Nanyang Technological University
Singapore

Title: Changing Paradigm in Satellite Design, Development and Assembly with 3D Printing

Biography

Sunil C. Joshi obtained his M.Tech. Degree in Aeronautical Engineering with aircraft structures specialization. He received his Ph.D. degree from Monash University (Australia). Prior to that, he worked as a Scientist at National Aerospace laboratories, Bangalore, India, from 1988 to 1994. He has been an academic staff in School of Mechanical and Aerospace Engineering since 2000, presently as part of Aerospace Engineering cluster. His expertise lies in the domain of Aerospace Materials and Structures, and his teaching includes courses such as, Advanced Materials Engineering, and Structures and Materials. He has been the chairperson of the accreditation committee that works towards the accreditation of the BEng (AE) programme.
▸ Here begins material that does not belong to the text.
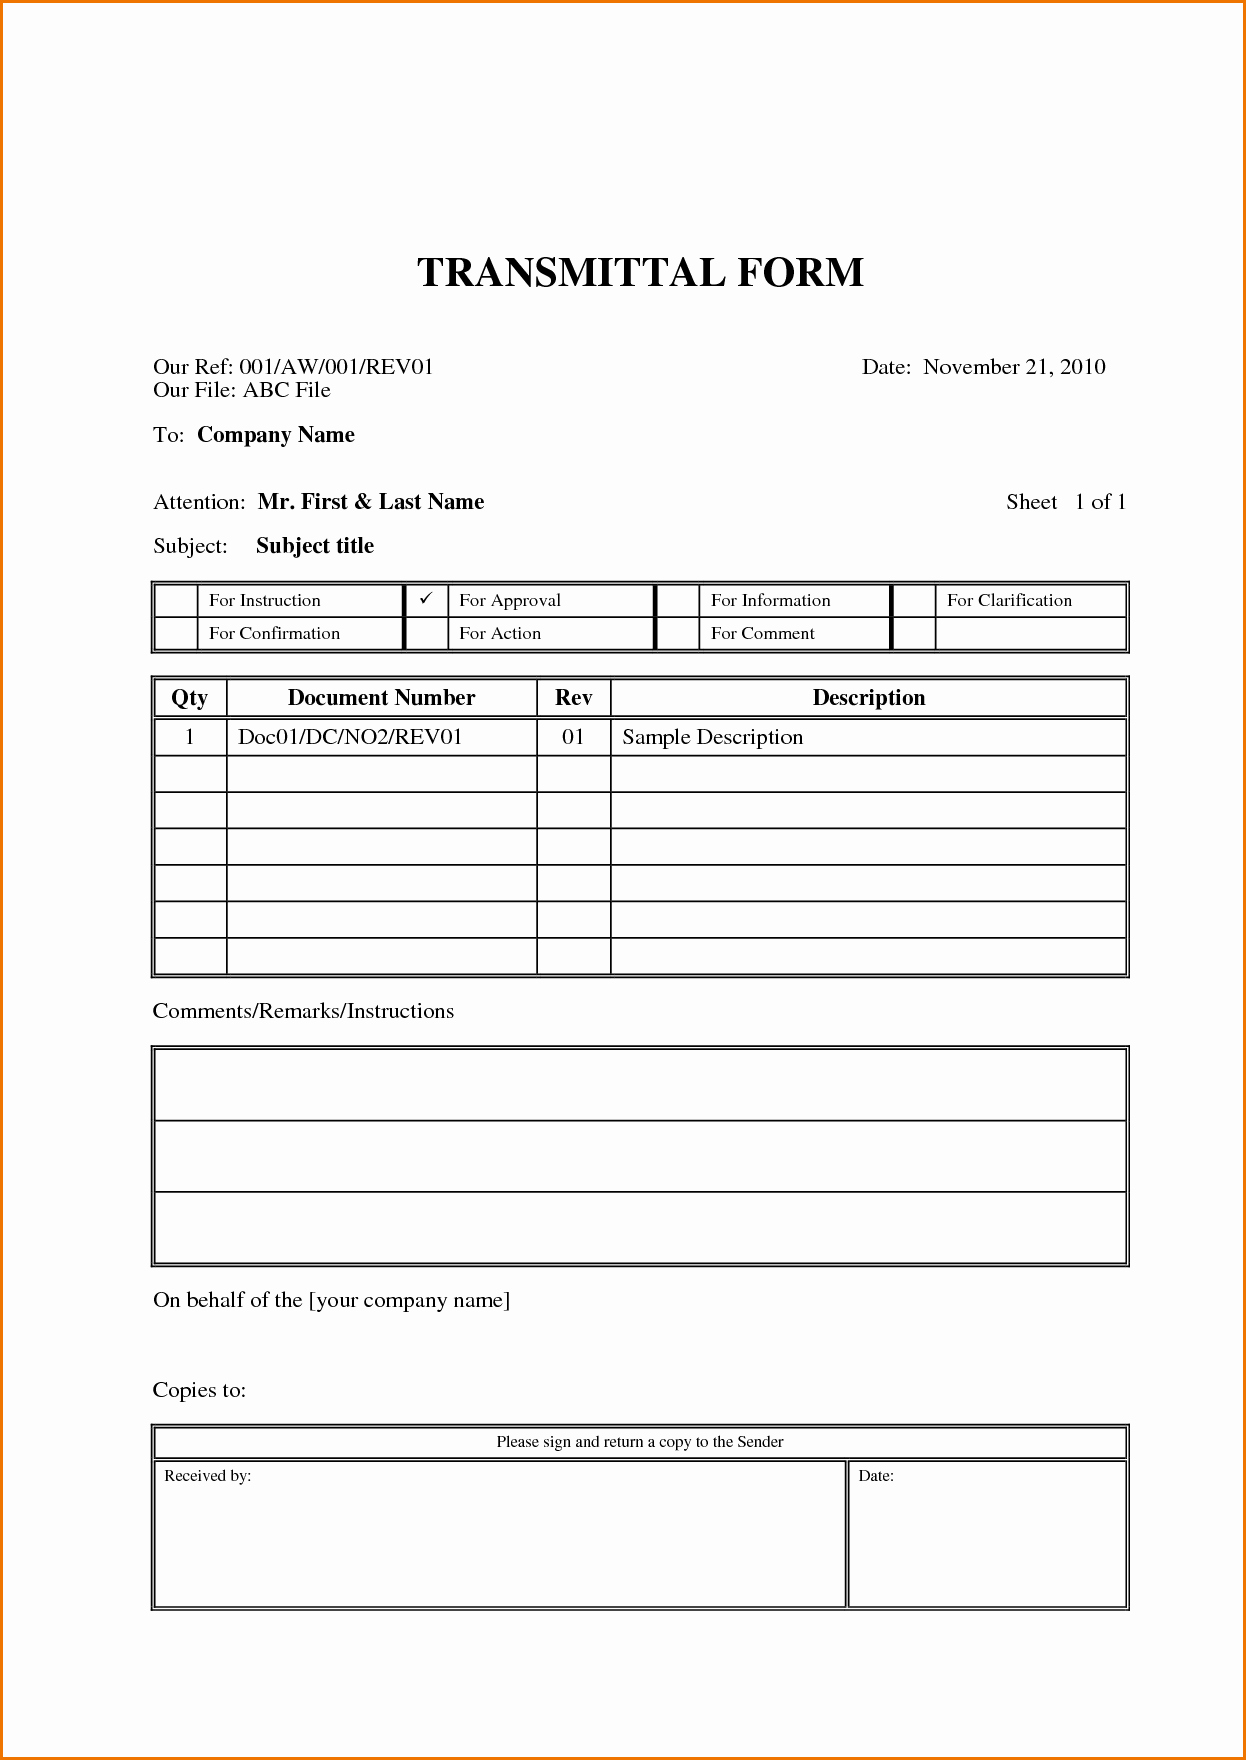 List Of Synonyms and Antonyms Of the Word Transmittal
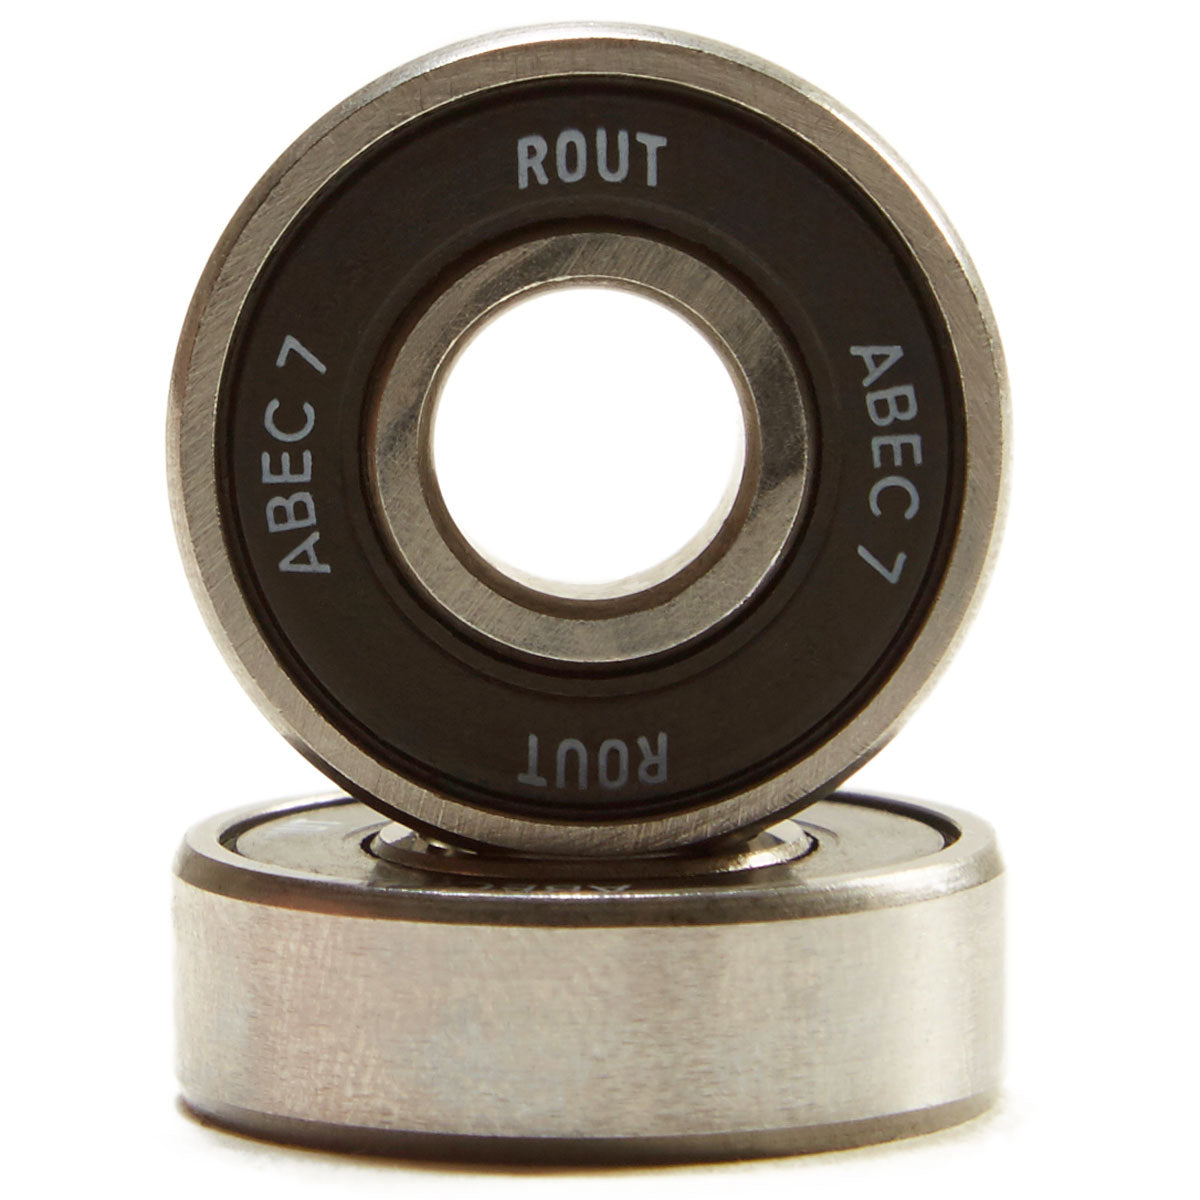 Rout Supply Co. Roller Bearings - 16 Pack - 8mm image 1

He was the member of XSAT, Singapore’s first in-house designed and developed micro-satellite, team where he served as the team leader for thermal controls sub-system. Currently, his work involves nanosats and their thermal and mechanical design and behaviour.

Abstract

3D printing has evolved with time into a matured process for being able to manufacture functional parts and structures gaining widespread attention in aerospace industry. It has started changing the satellite design philosophy. Designs can now be customized to ease assembly, optimize the space and reduce the overall weight. A design model of a plastic CubeSat structure fabricated employing Fused Deposition Modelling (FDM) process is presented. The CubeSat was designed to make assembly easier, possibly by hand, with minimum fasteners. This design ensured that there were no overhanging parts thereby eliminating use of any support material during printing, and it required no surface finishing. Closing or solar panels can be attached to this CubeSat frame without any screws. Essentially this design was easy-to-assemble using only 8 thumb screws in total. Prototypes of the designed CubeSat were printed in ABS to validate the tolerances. The entire sub-systems and payload layout was printed and put together to understand the usage of the available volume. This type of prototyping makes satellite design, development and assembly less complex and easy to visualise. Such designs can potentially be used to 3D print the structure in different environmental or print conditions such as off-world manufacturing.